String Sheet::get( const String & )
{
    return m_content[cellName].get();
}

String Sheet::getLiteral( const String& cellName )
{
    return m_content[cellName].getLiteral;
}

String Sheet::getFormula( const String& cellName )
{
    return m_content[cellName].getLiteral;
}

void Sheet::put( const String & cellName, const String& cellValue )
{
    m_content[cellName].put(cellValue);
}

The Cell class looks has code that's actually quite similar to what was in Sheet for Part 1. The main difference is that the methods don't take the cell name as an argument. I decided that at this point, the cell wouldn't know it's name. If I need it, I can add it later.

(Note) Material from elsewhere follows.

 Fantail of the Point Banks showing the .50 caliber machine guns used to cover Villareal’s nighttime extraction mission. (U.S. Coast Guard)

I added a little function to see if the content of the cell is a formula and another to evaluate the formula. They're only one line each but I think the names add value to the code. I'm not entirely happy that isFormula is part of Cell while isNumeric is in String. But it makes some degree of sense, so I'm leaving it. There's still no parser, but I'm ready to add one and have a place to put it.

class Cell
{
public:
    Cell();
    virtual ~Cell();

    String get();
    String getLiteral();
    String getFormula();

    void put( const String& cellValue );

private:
    String m_content;

    bool isFormula();
    String evalFormula();
};

String Cell::get()
{
    if ( m_content.isNumeric() )
        return m_content.trim();
    else
        return m_content;
}

String Cell::getLiteral()
{
    return m_content;
}

String Cell::getFormula()
{
    return m_content;
}

void Cell::put( const String& cellValue)
{
    m_content = cellValue;
}

bool Cell::isFormula()
{
    return m_content[0] == '=';
}

String Cell::evalFormula()
{
    return m_content.substr(1);
}

Simple Expression Parsing

So far, we have been faking it - not really parsing the formula at all. Begining with testParentheses, it's no longer useful to avoid creating a parser. But first, I need to create code to call the parser. A small modification to Cell::evalFormula serves to do this.

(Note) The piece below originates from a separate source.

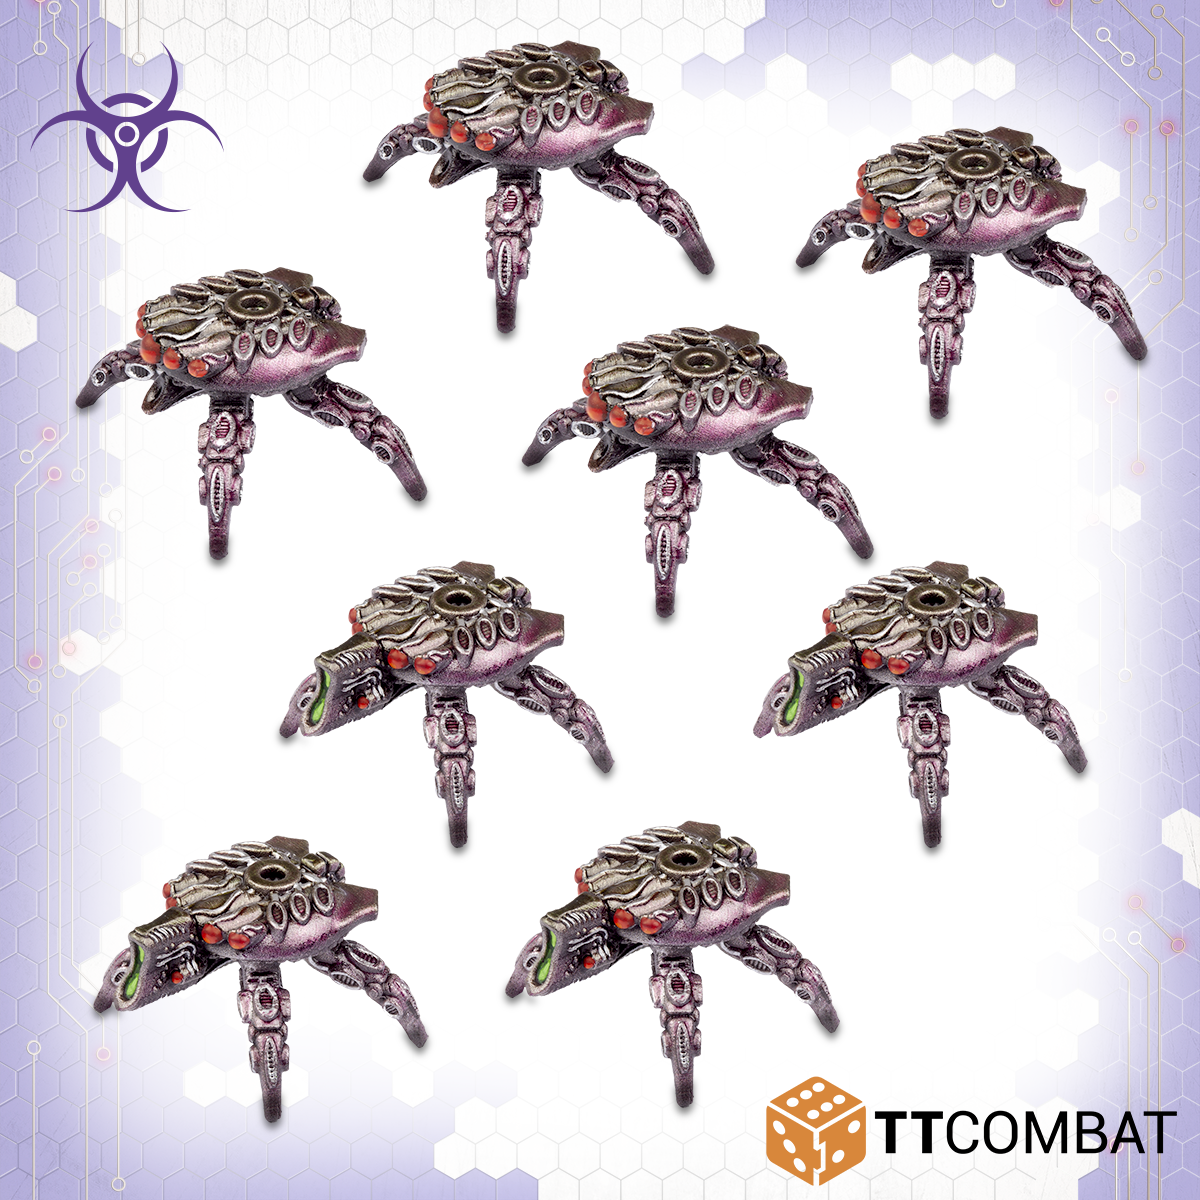 Prowler Spider Drones | Gopher Games

String Cell::evalFormula()
{
    if ( isFormula() )
    {
        FormulaParser parser( m_content );
        int value;
        if ( parser.eval( value ) )
            return String::toString( value );
    }

    return String("#Error");
}

Now evalFormula is for real. The FormulaParser will evaluate the formula and return an integer. Looking ahead a tiny bit, it seems handy to make the translation from integer to string here. The integer value is returned using a reference argument. A more general approach would be to use a getter so that the type of the value might be determined dynamically. I could also use a result object for the same purpose but I'm waiting to see what happens. I also looked ahead to pick the error string to return here.

By the way, the static function String::toString is a template function I added to my String class in order to keep things at a relatively high level in this code. I stole the code from CppUnit.

Anyway, Now all we need is a FormulaParser that does matches what evalFormula expects. Here's my first cut.

class FormulaParser
{
public:
    FormulaParser( const String& );
    virtual ~FormulaParser();

    bool eval( const String& formula, int& value );
}

bool FormulaParser::eval( int& value )
{
    value = 7;
    return true;
}

So what do you want already? It passes all the tests. The constructor saves the formula, but doesn't use it anywhere. Next, I add a new test to testConstantExpression that put's "=37" into the cell. Gee, now it fails so I have to do some work.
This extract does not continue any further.